Starting at the line that contains "Annies Homegrown Rice", repeat each line of the listing below through the last one, exactly, and leave out every picture.

## Data below
>>>>

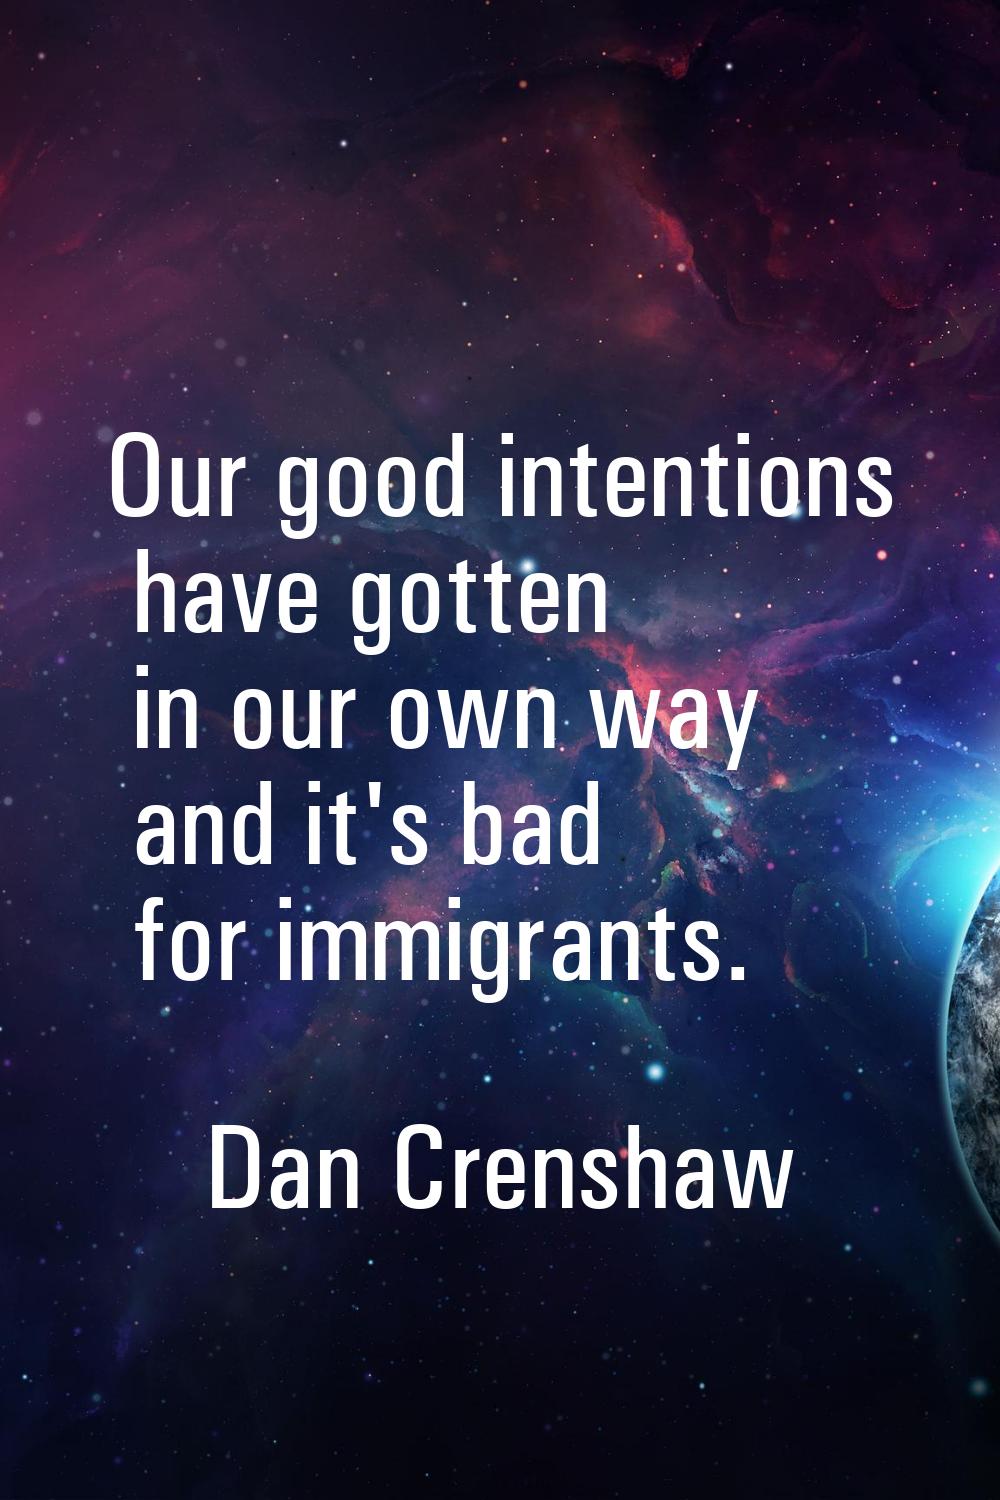 Our good intentions have gotten in our own way and it's bad for immigrants.
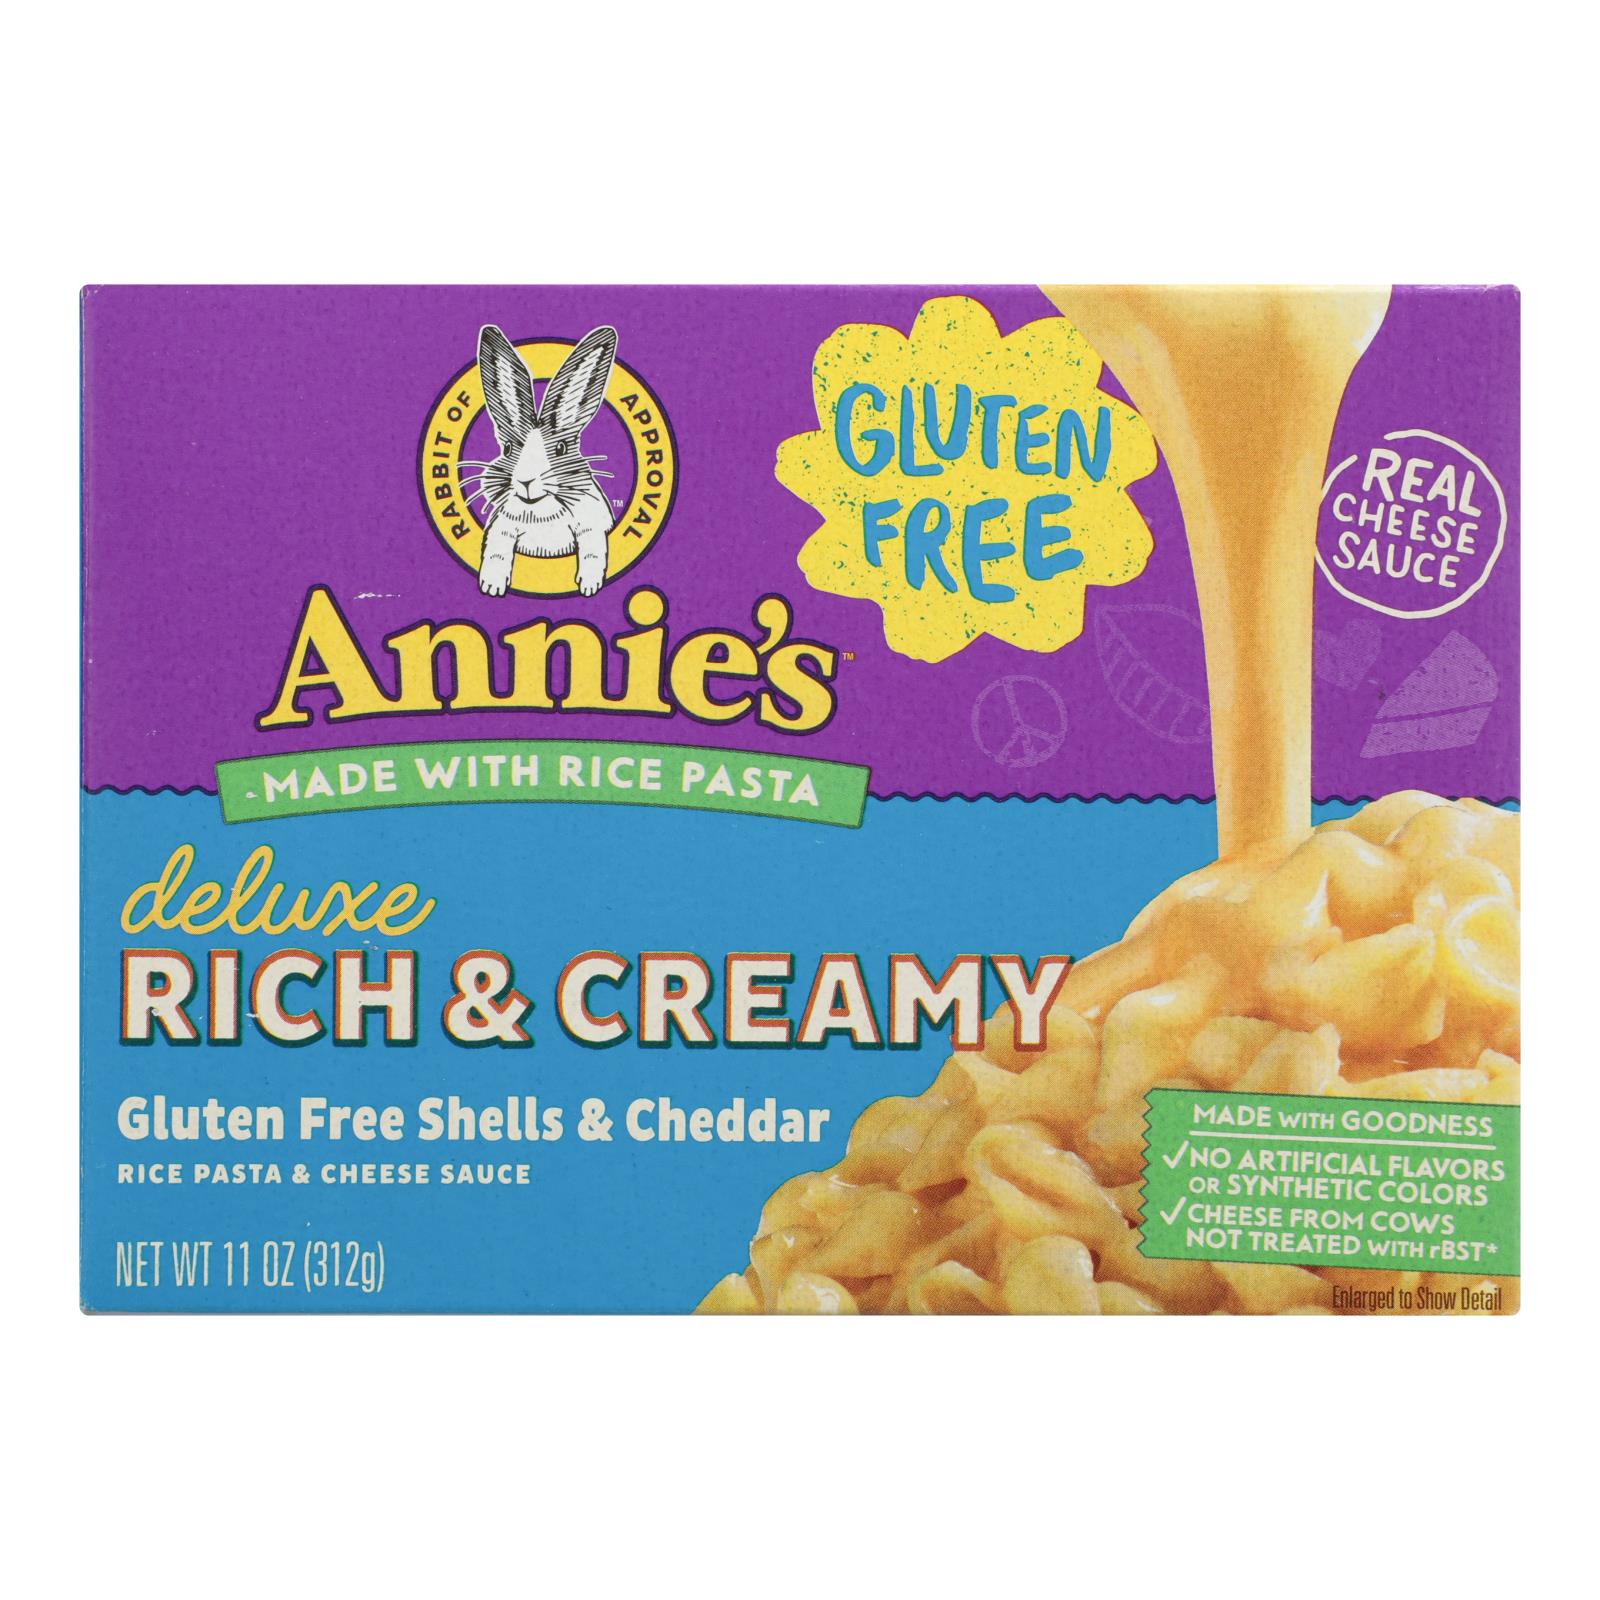 Annies Homegrown Rice Pasta Dinner - Creamy Deluxe - Rice Pasta And Extra Cheesy Cheddar Sauce - Gluten Free - 11 Oz - Case Of 12
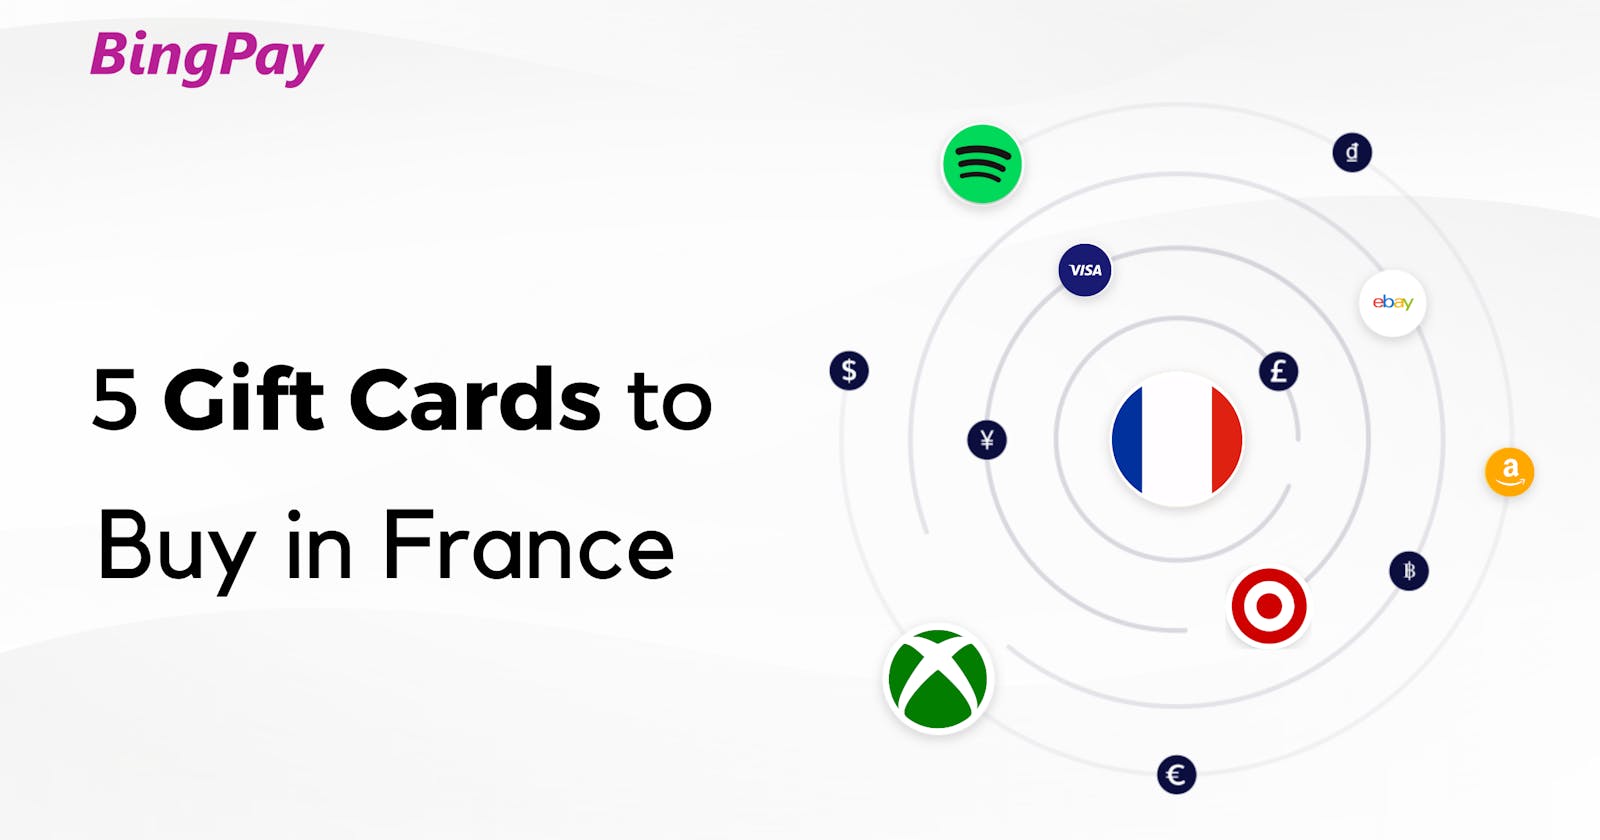 5 Gift Cards to Buy in France

<<<<

## Solved exercise
 Annies Homegrown Rice Pasta Dinner - Creamy Deluxe - Rice Pasta And Extra Cheesy Cheddar Sauce - Gluten Free - 11 Oz - Case Of 12
 5 Gift Cards to Buy in France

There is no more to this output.